It is unusual in my experience to stumble upon three unusual, found-art images (as in the three below) that are found on one page of a magazine. In this case, it is the Illustriete Zeitung (Leipzig), issue 4299 (page 178) for 1915, and the three photographs are all quite atonal, somehow--they're just not quite "right", and all perhaps for different reasons.
The first image shows this unusual private ferry in New York City harbor--how this made any sense, I don't know, especially since that water is pretty choppy and this vessel looks not terrifically seaworthy. The passenger (or driver at least) and the boatman are also very, very straight! I honestly just don't know anything about single-car ferries in the harbor so late in the game as 1915.
I'm not sure why this image strikes me as being so peculiar in the second image--perhaps it is simply the retreating perspective, or the fact that it looks like a drawing, or the placards along the construction fence at the bottom of the photo; or maybe its the only solitary-looking figure set against all of those (strangely opened) windows. Whatever it is, that is odd or somewhat "off", I like it.
The third image is just quite and odd. Is that bridge portable and expandable?
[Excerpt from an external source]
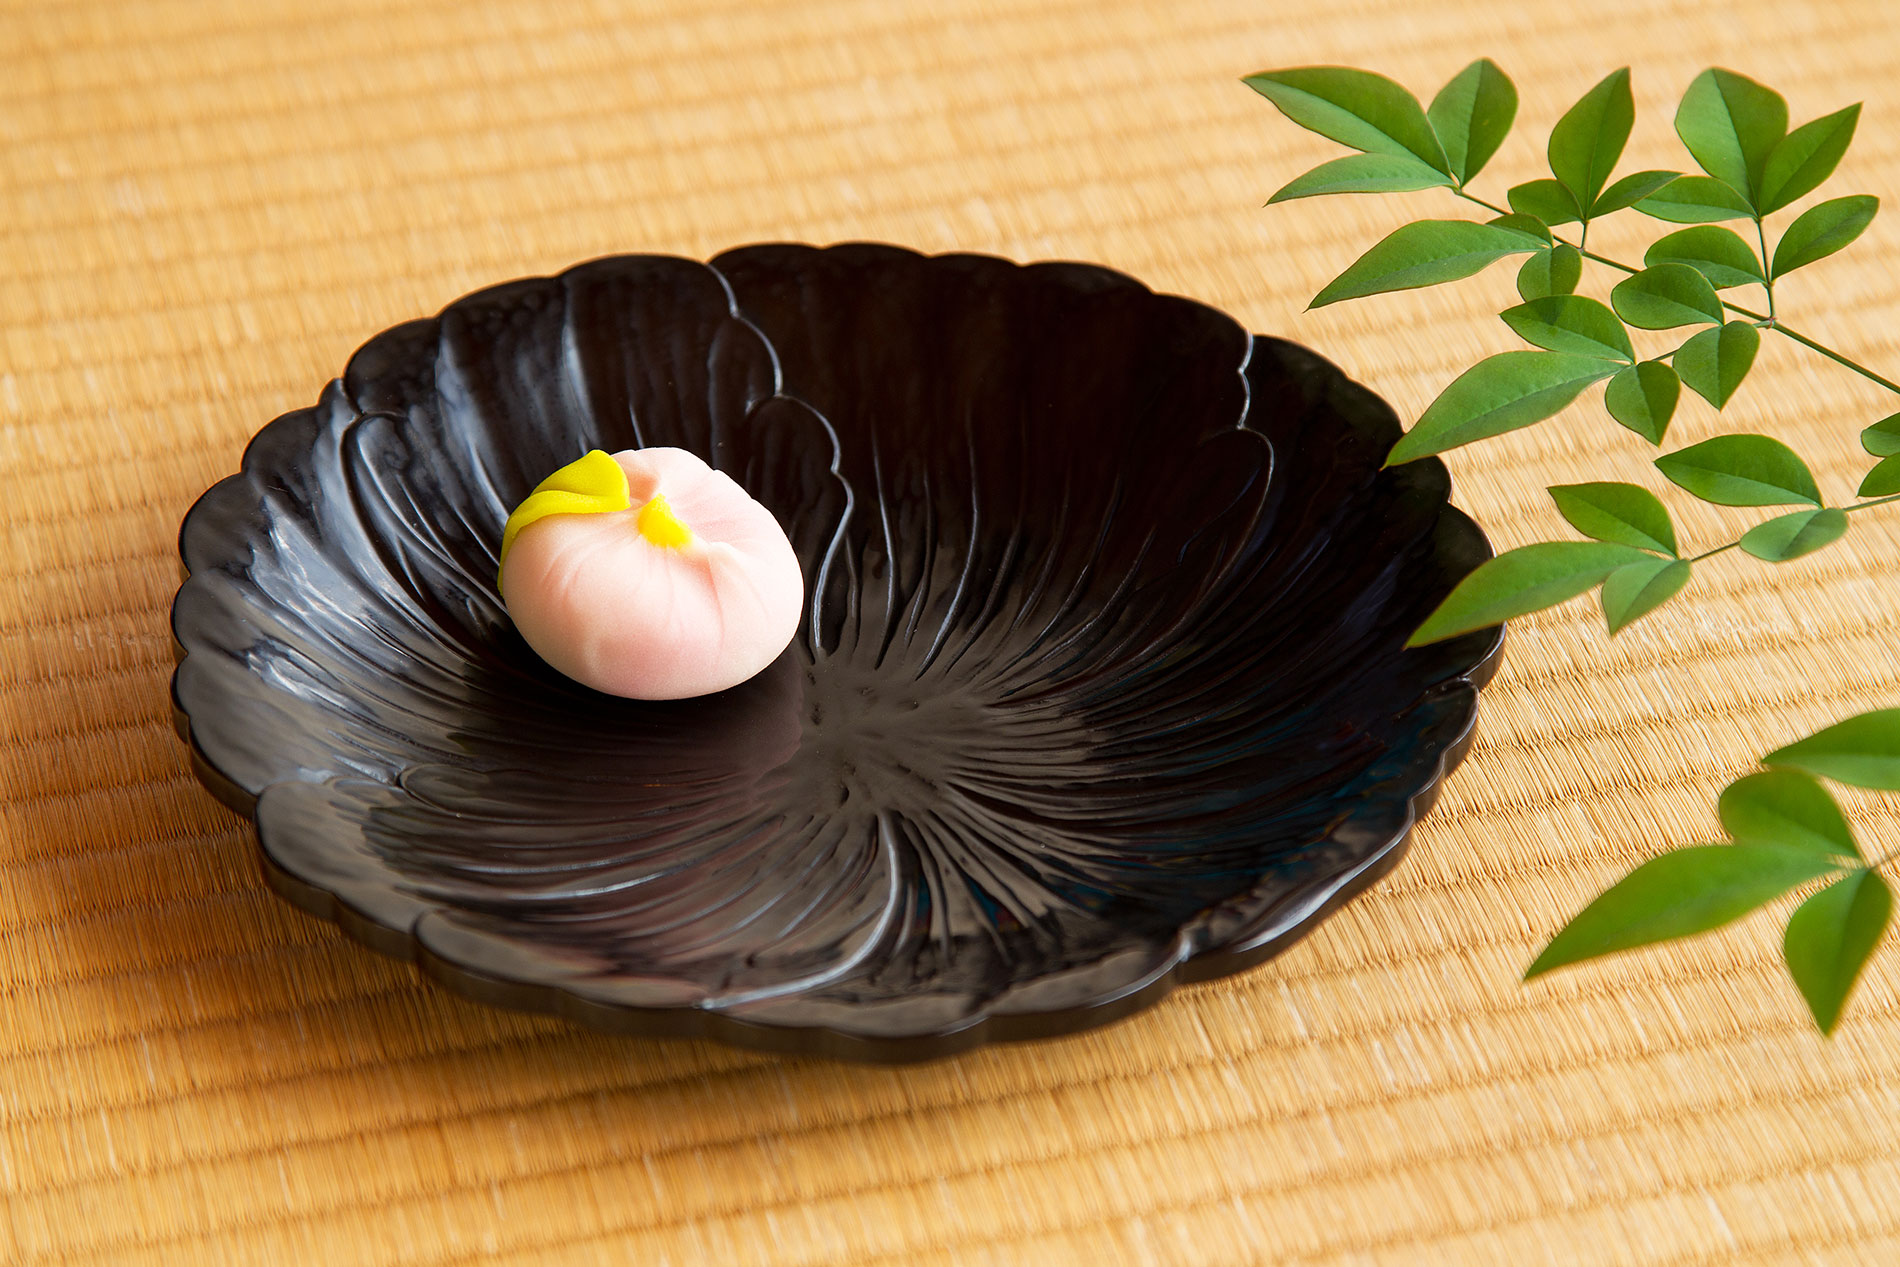 鎌倉らしい伝統ある引き出物として鎌倉彫の和食器などのご贈答品がおすすめです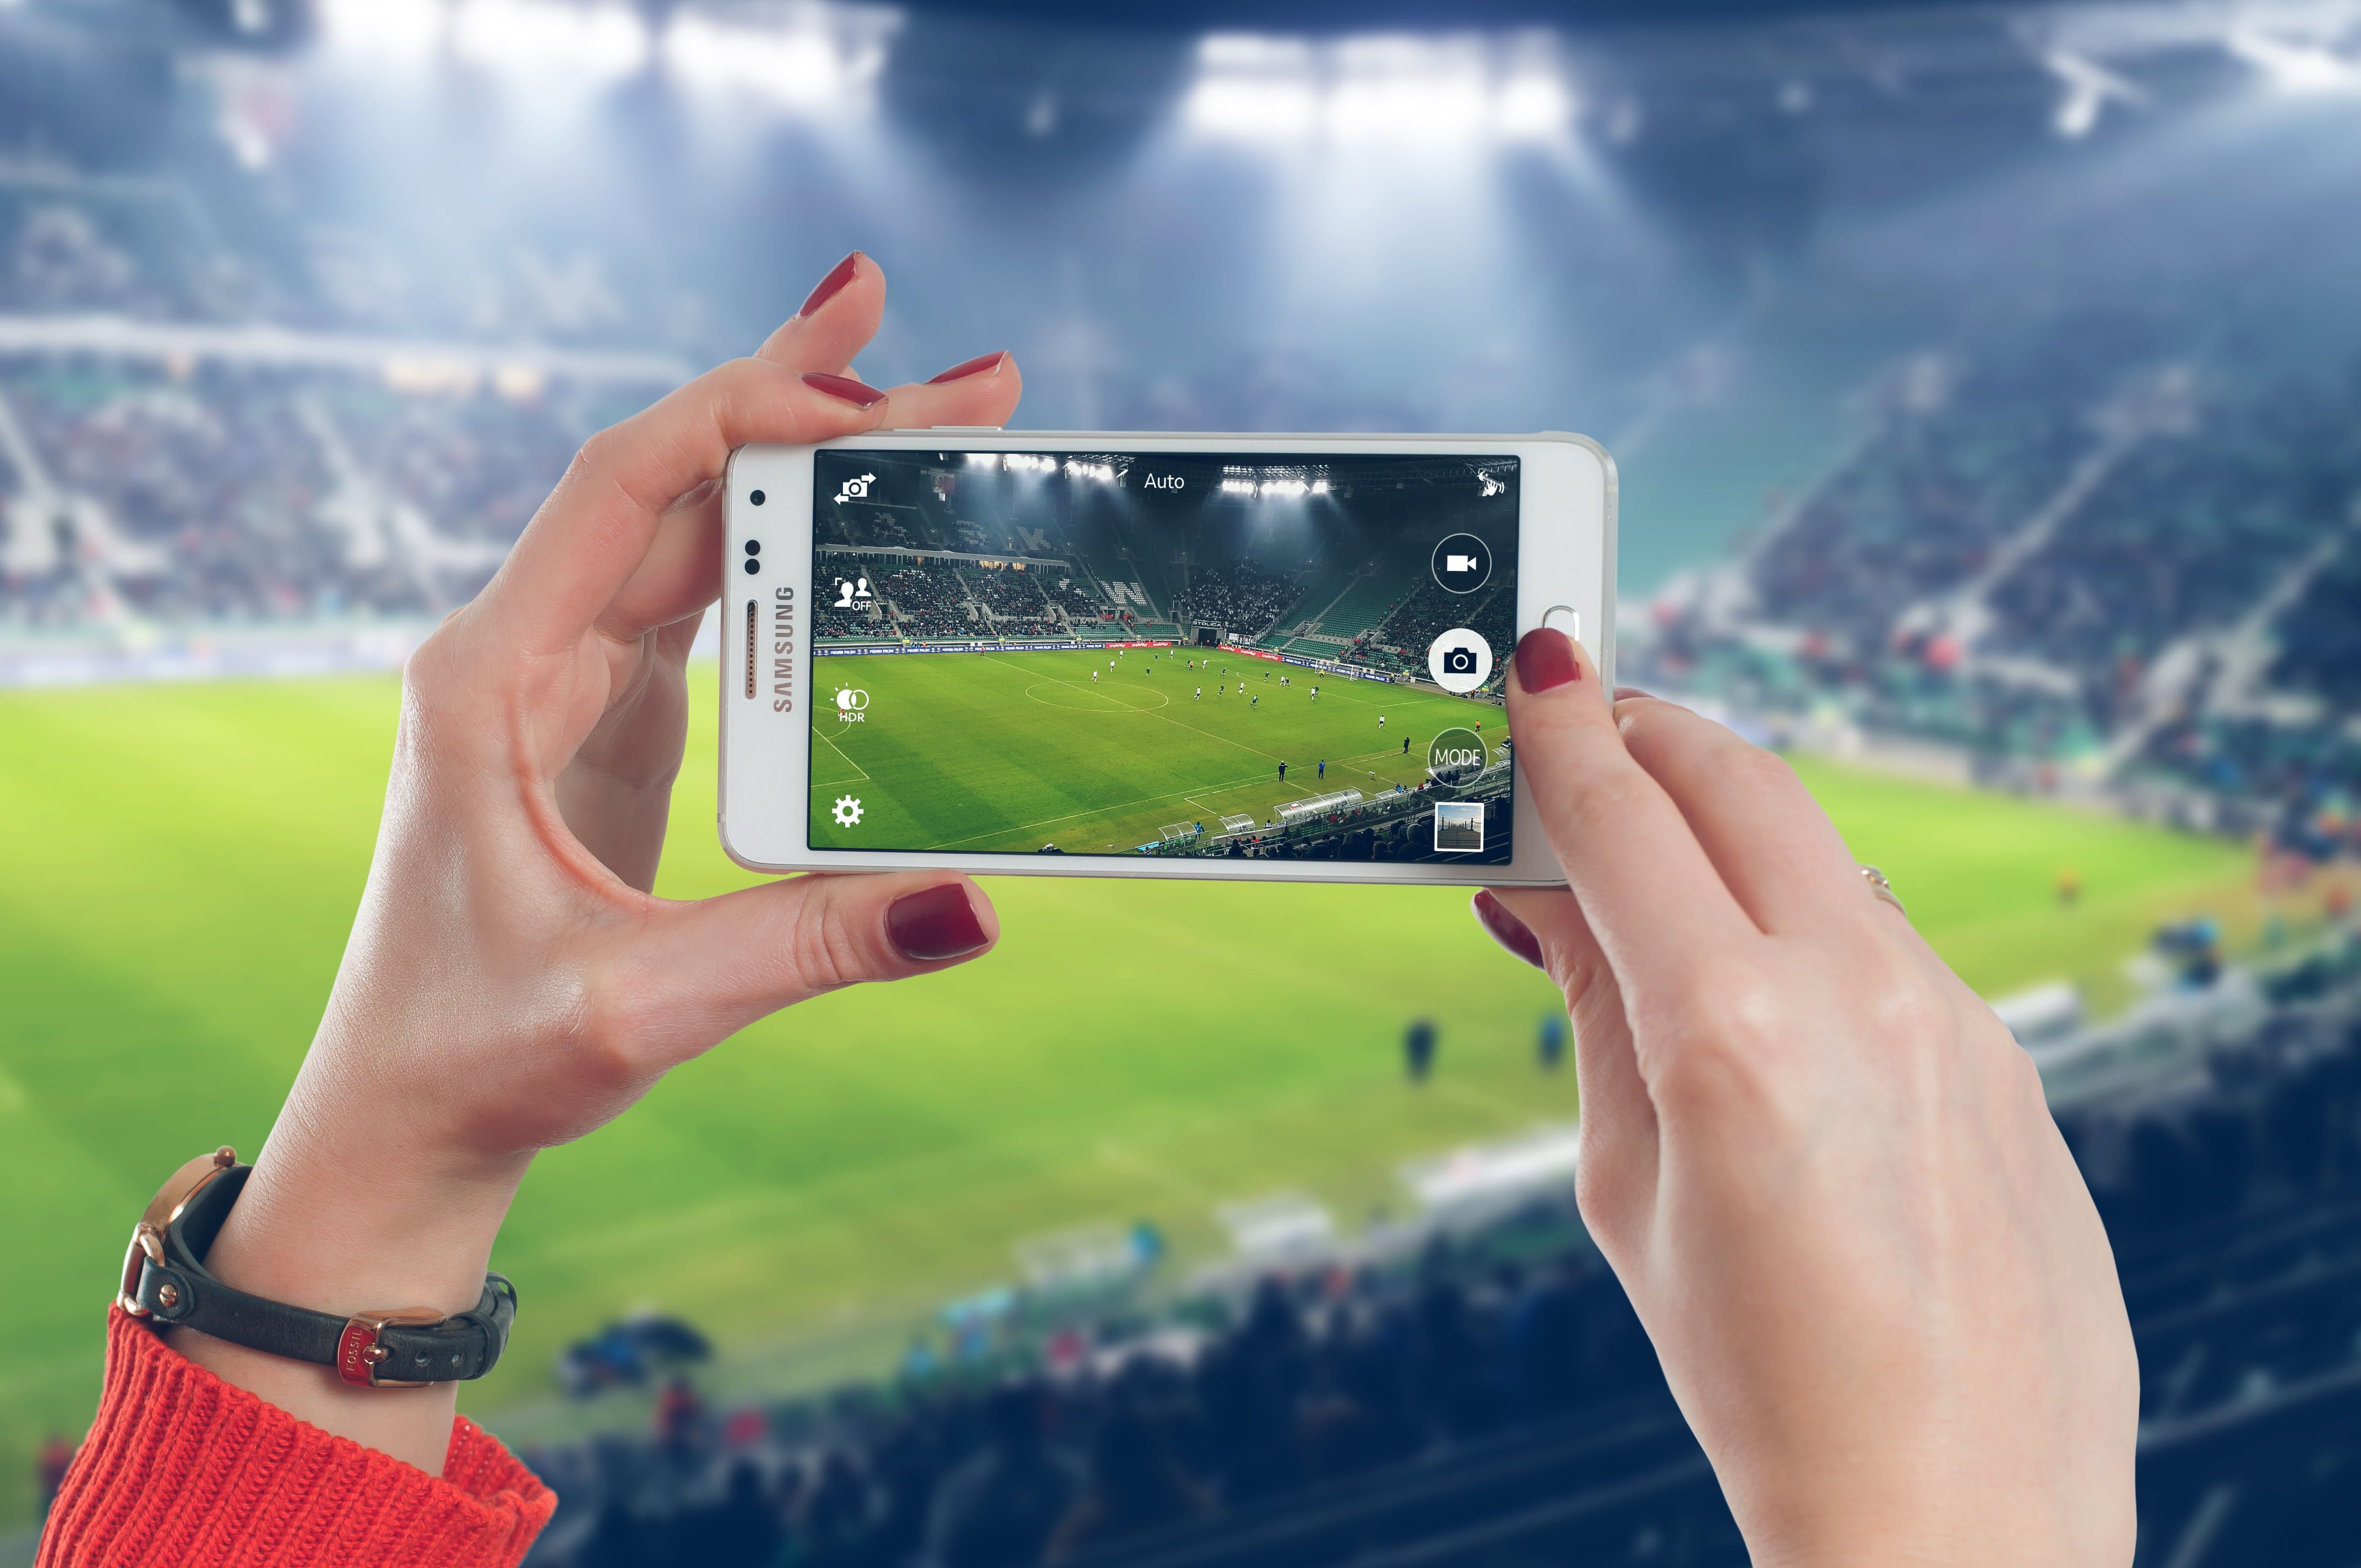 Mòbil cambra|càmera foto vídeo futbol / PxFuel

Is it actually supporting the tank and not failing? It is just a flat-out uncommon composition.
Perhaps the unifying factor here is the very apparent "quietness" of the pictures, and their solitude, even in the midst of the NYC harbor.
This engraving (on copper) of an interior of a structure
houses some interesting perspective, as well as a very unusual pose by one of the four gentleman who were added to the image to give a sense of depth and scale. I've written earlier about such hidden artistic virtues and micro-sub-arts, and this print fits nicely for its naive oddness of character placement.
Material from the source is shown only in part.